Boot trust model (unchanged)

The bootstrap Principal continues to be compile-time embedded via bootstrap_pubkey.bin (src/microkernel/main.rs). The file gets a header in a separate change (Change C of the same plan) so the algorithm is explicit, but the trust model — kernel boot pulls the AID-equals-pubkey directly from the binary — is unchanged. Bootstrap rotation is a system-level event analogous to root CA rotation, per identity.md § Bootstrap Principal: A Special Case.

Consequences

Pre-v1 (this change)

• One field rename, ~8 mechanical replacements at non-test sites. No behavioral change. No new dependencies.
• Field becomes pub(crate) so the API exposes only aid() / current_key_bytes(). Any external consumer of principal.public_key breaks at compile time — fine pre-v1.
• ADR-003 gets a ## Divergence appendix pointing to this ADR; the original “Principal IS the Ed25519 pubkey” text remains as historical record per the prompt-shaping rule on append-only ADRs.
• identity.md gets an explicit reconciliation: “A Principal is a 32-byte AID. Underlying keys are algorithm-agnostic and dynamic-sized; the AID is fixed at 32 bytes.”

Post-v1 (deferred)

• A keystore service must exist before any current_key_bytes() call site runs — that is, before ELF verification at boot. This is a boot-ordering rework. Scoped to its own ADR when designed.
• The keystore service holds the AID → current key mapping. Key rotation updates the mapping; the AID does not change. The keystore is the only entity that needs to know which algorithm a given AID’s key uses.
• ML-DSA-65 / Hybrid signatures land at Phase 1.5 of identity.md. The verifier dispatch (Change A of this same plan, crypto::verify(SignatureAlgorithm, ...)) accommodates the new algorithm; the keystore returns the algorithm tag along with the key bytes.

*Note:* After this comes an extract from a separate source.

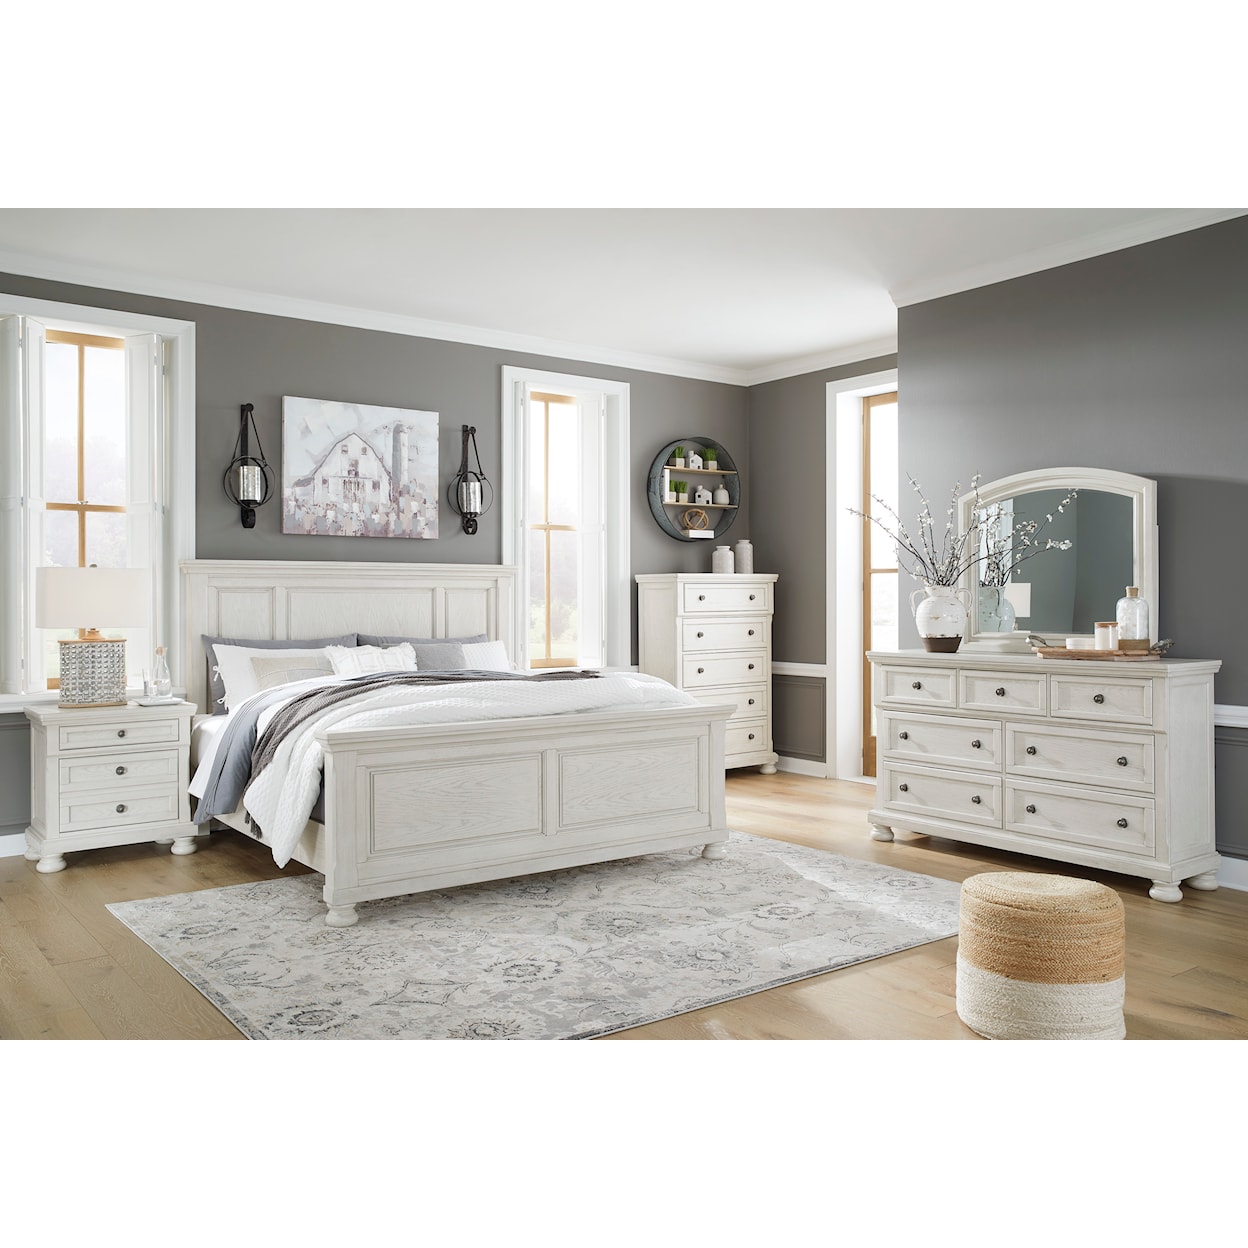 Signature Design by Ashley Robbinsdale 7pc Queen Bedroom Group

What this enables that cannot be done without it

Verification

After this change:

• Principal has no pub data fields. Field access goes through aid() or current_key_bytes() — verifier sites call only current_key_bytes().
• cargo grep -F '.public_key' src/ returns no matches outside test code or the bootstrap pubkey loader (which speaks the file format, not the type).
• make check-all (x86_64 + aarch64 + riscv64) green per ADR-013.
• cargo test --lib covers Principal equality (AID-based), from_aid constructor, is_zero sentinel, and the conventional Debug/Display fingerprint format.

Deferred

• Keystore service ADR. Where the AID → current-key mapping lives, how rotation events update it, what capability gates protect it, and how the boot path orders keystore-availability against ELF verification. Revisit when: Phase 1.5 of identity.md is funded, or the first signed boot module needs a non-bootstrap AID.
• Inception event log format. The blake3(inception_event_log[0]) derivation that produces an AID at v1.5+. KERI provides a starting model; a CambiOS-native specification will adapt it for the no-network, content-addressed object store. Revisit when: keystore service ADR begins.
• Bootstrap rotation procedure. v1 ships with a single compile-time-embedded bootstrap Principal. A signed firmware-update path that rotates the bootstrap AID is a system-level operation. Revisit when: the first scheduled bootstrap rotation is operationally required (e.g., backup YubiKey rotation).